The uploader is Node-only and never enters the browser bundle. Maps stay
private: they're resolved server-side on demand, never shipped to clients.
Until maps exist for a release, browser errors still group — by
exception.group, a deploy-stable fingerprint (exception.type + a
normalized message, since minified file:line moves every build). Source
maps make the detail readable; grouping works with or without them.
telemetry.record({ name: 'checkout.step', attributes: { step: 2 } });
telemetry.error(err, { 'order.id': id });
telemetry.setUser(user.id); // after login
telemetry.setAttributes({ team: 'acme' });
telemetry.track('signup_completed', { plan: 'pro' }); // custom analytics event (needs analytics:true)

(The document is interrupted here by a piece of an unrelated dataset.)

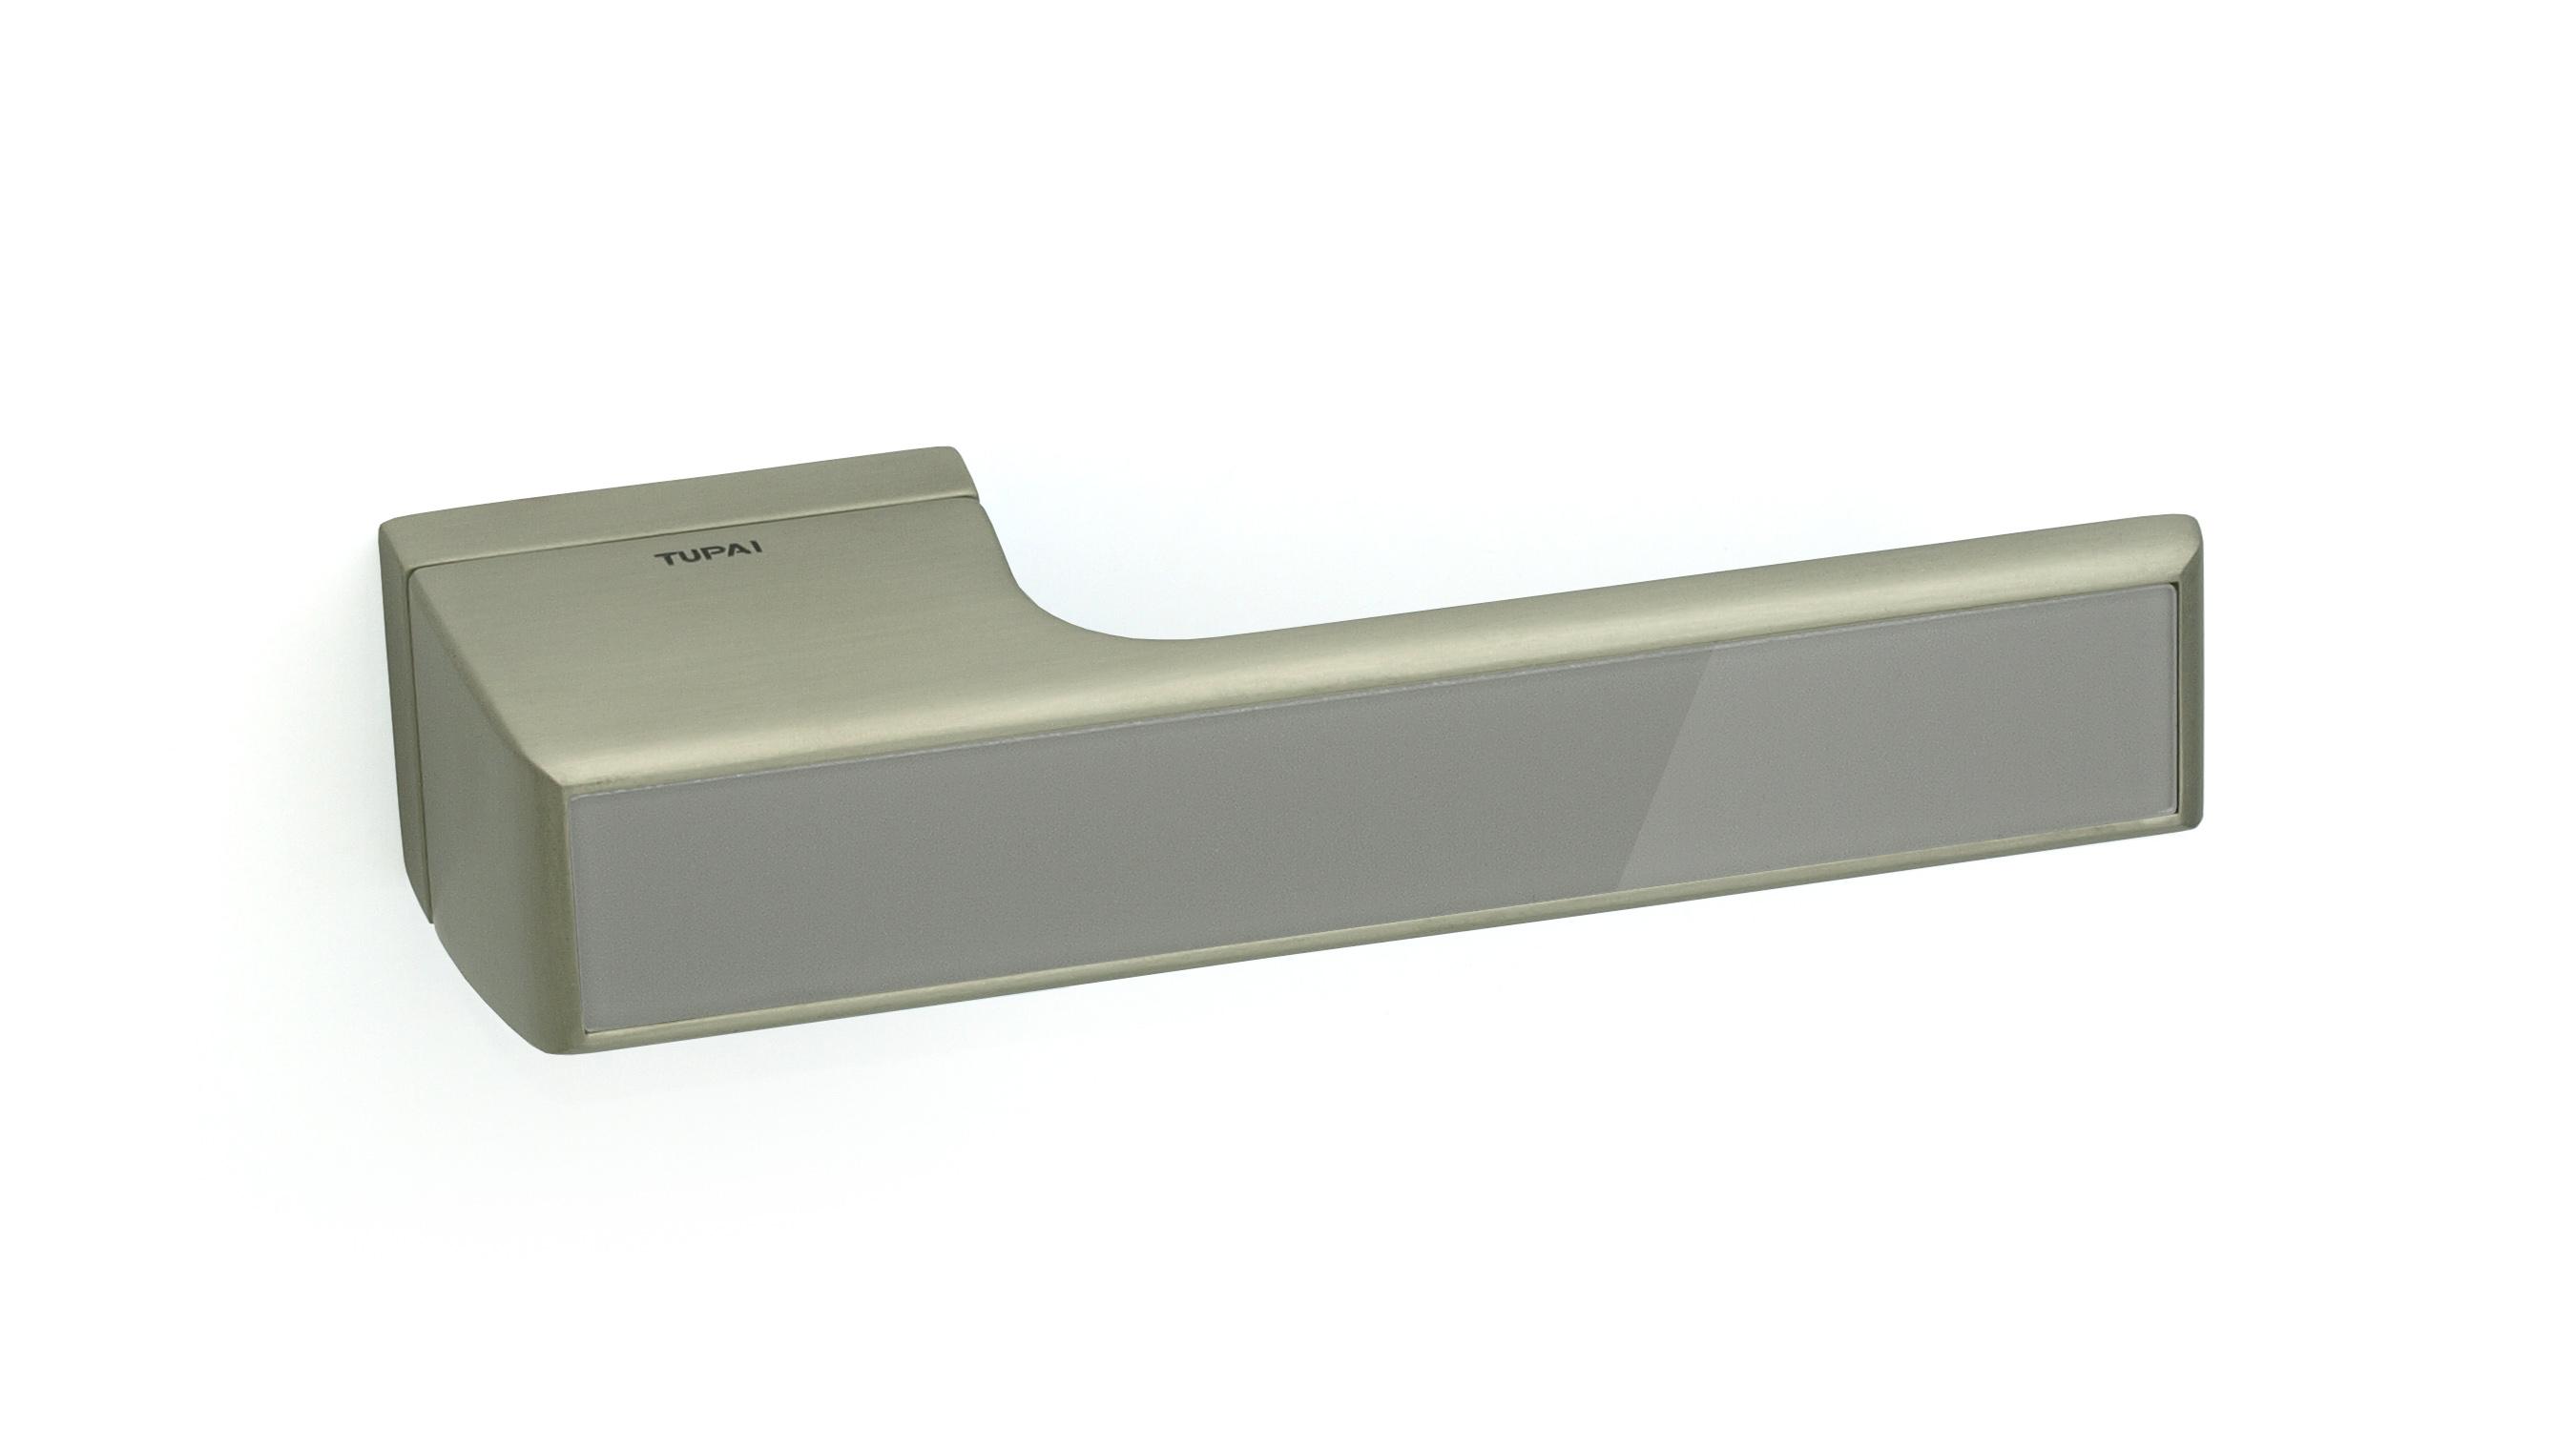 3089RT-142-gray
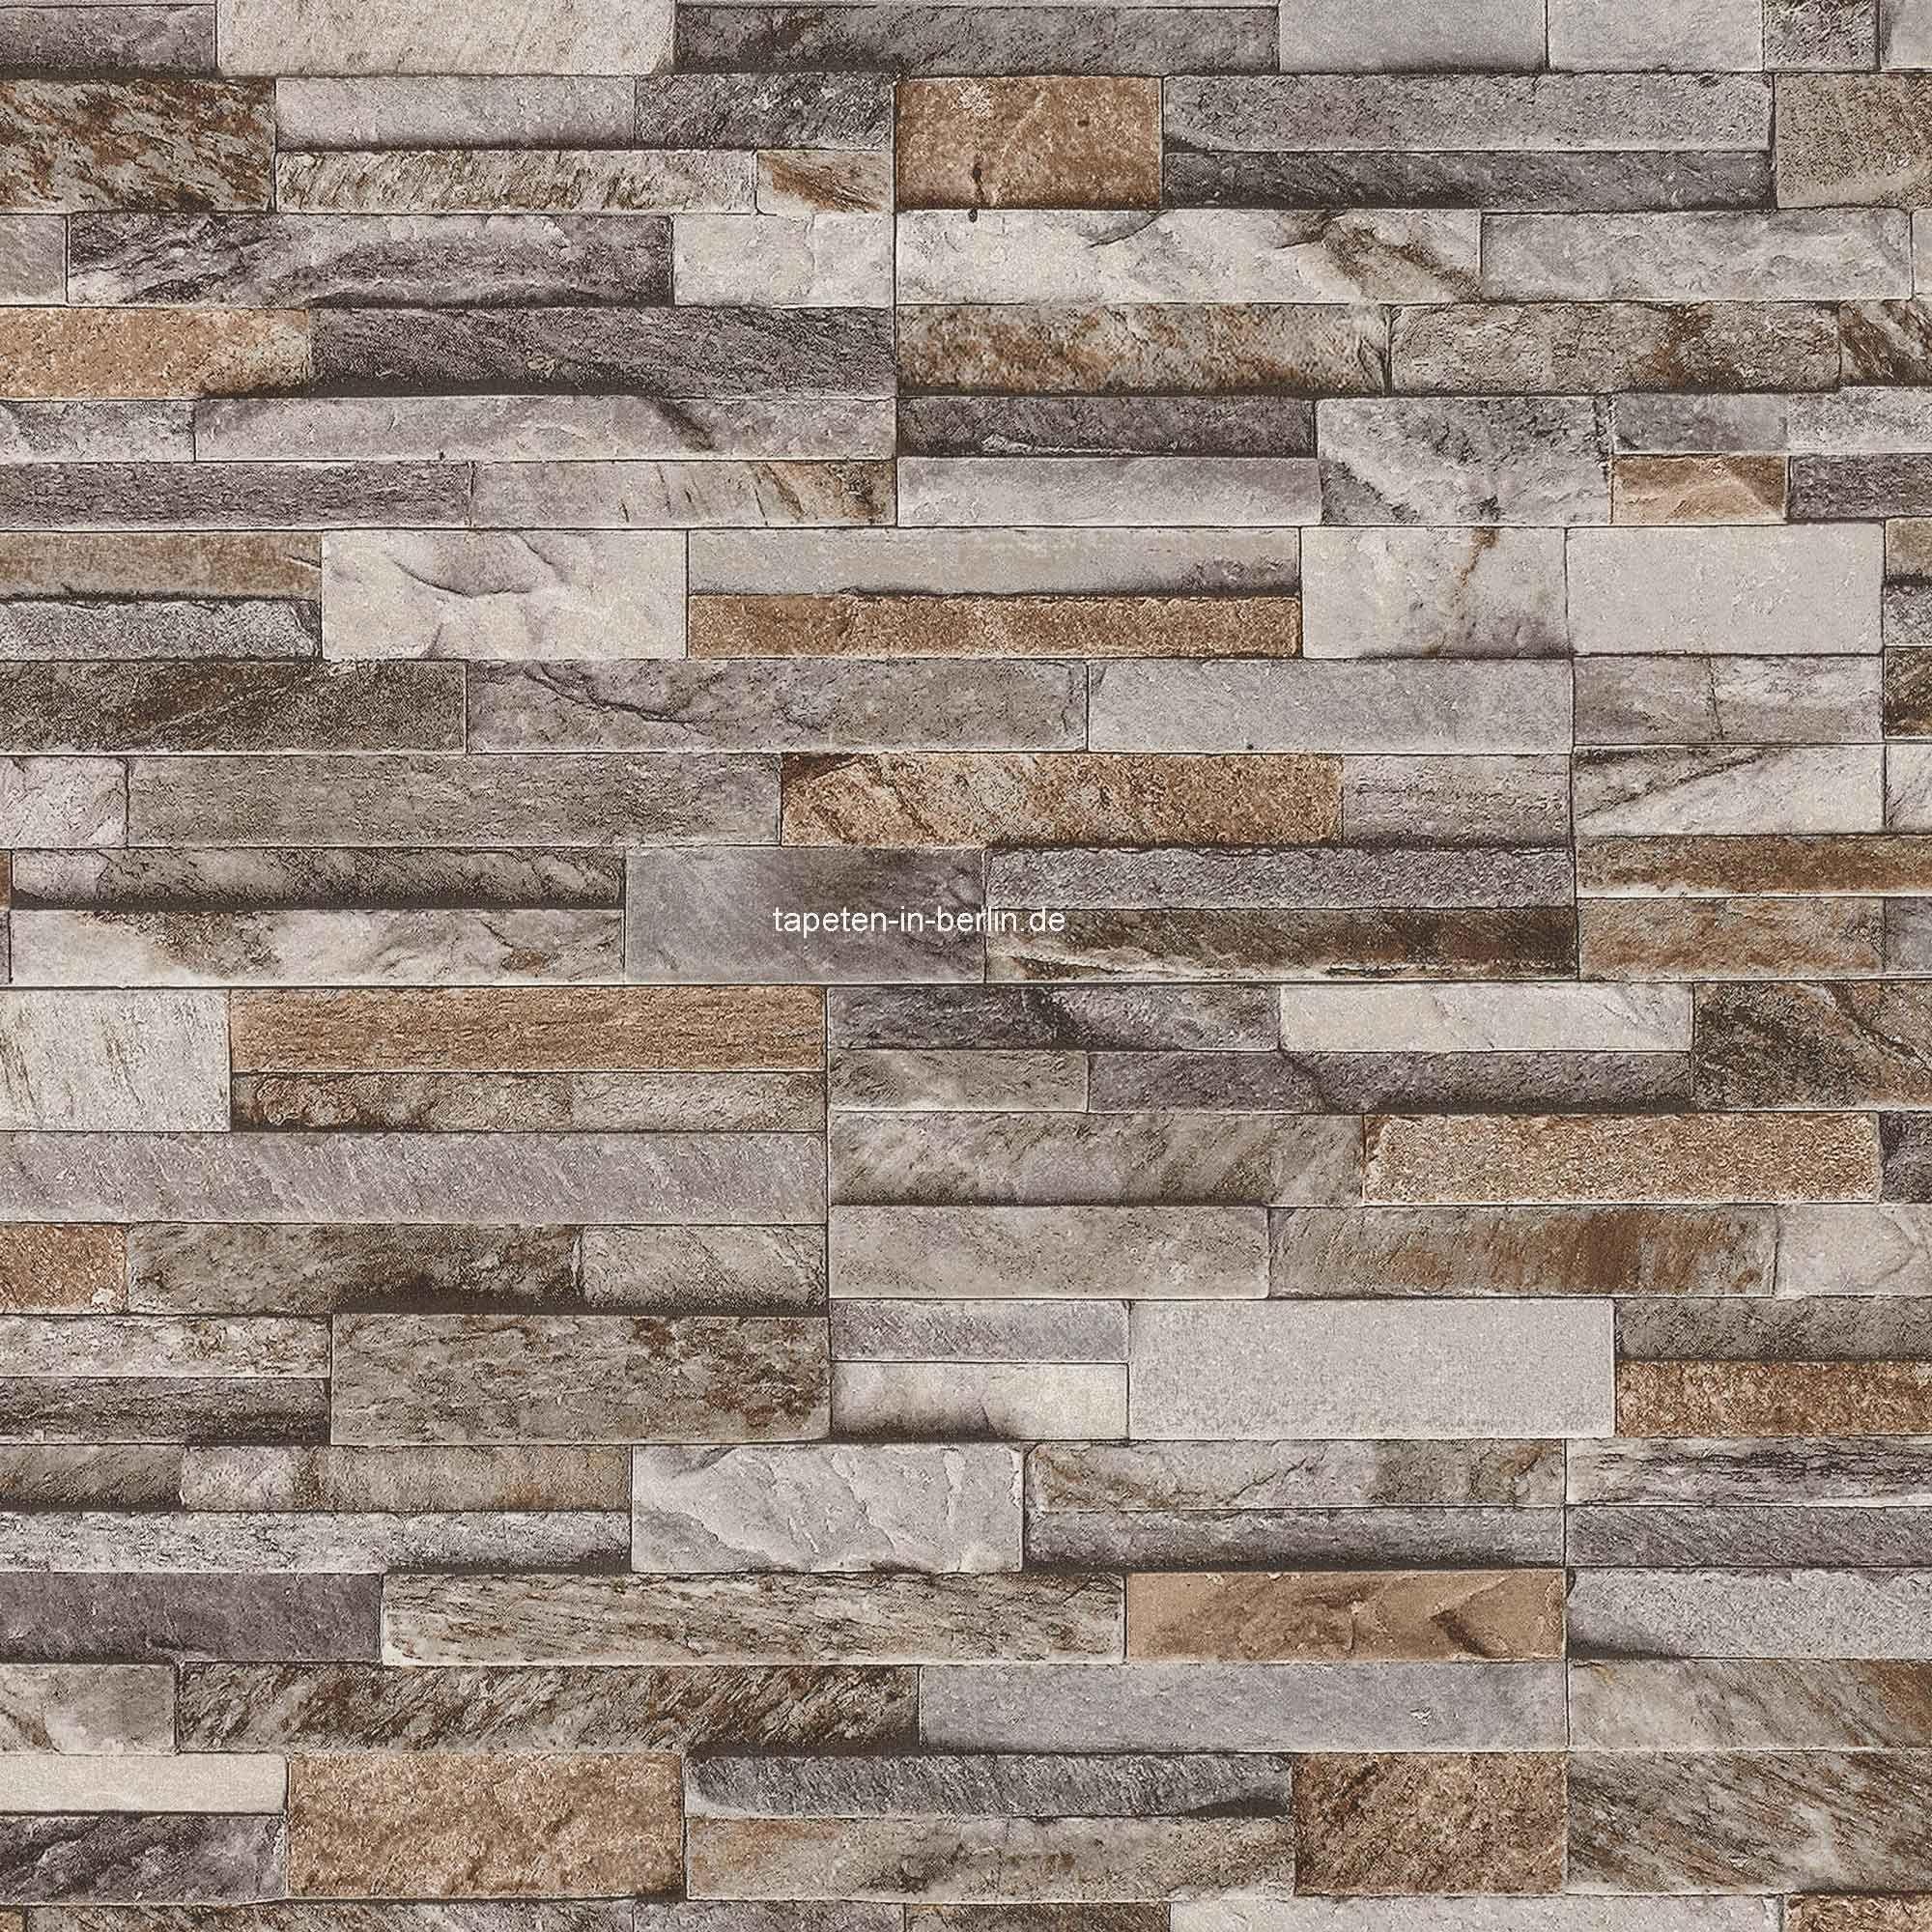 wandgestaltung wohnzimmer steintapete : Tapete Stein Steinwand Vlies Mauer Beige Fototapete Klinker Wand

telemetry.traceId(); // correlate your own logs
telemetry.flush();| Option | Default | |
|---|---|---|
endpoint |
— | the ingest URL (required) |
serviceName / environment / release |
— | identity dimensions |
user |
— | id or () => id |
traceparent |
— | server trace to root on |
session |
— | server-provided session.id to share one visit key (set by @telemetryBrowser when analytics is on) |
attributes |
{} |
extra global dimensions |
sampleRate |
1 |
head sampling, decided once per page |
analytics |
false |
unsampled analytics channel: SPA page views, engagement, track() |
instrument |
all on | per-instrumentation toggles |
maxSpans |
128 |
buffer cap before a forced flush |
Spans batch and ship with sendBeacon on visibilitychange/pagehide,
when the buffer fills, and on a 15 s heartbeat.
The SDK sends only what you configure + the dimensions above. The server enforces the trust boundary (throttling, payload bounding, sampling, optional auth) — see the Laravel package's browser tracing guide. Provide a user id, never a name or email.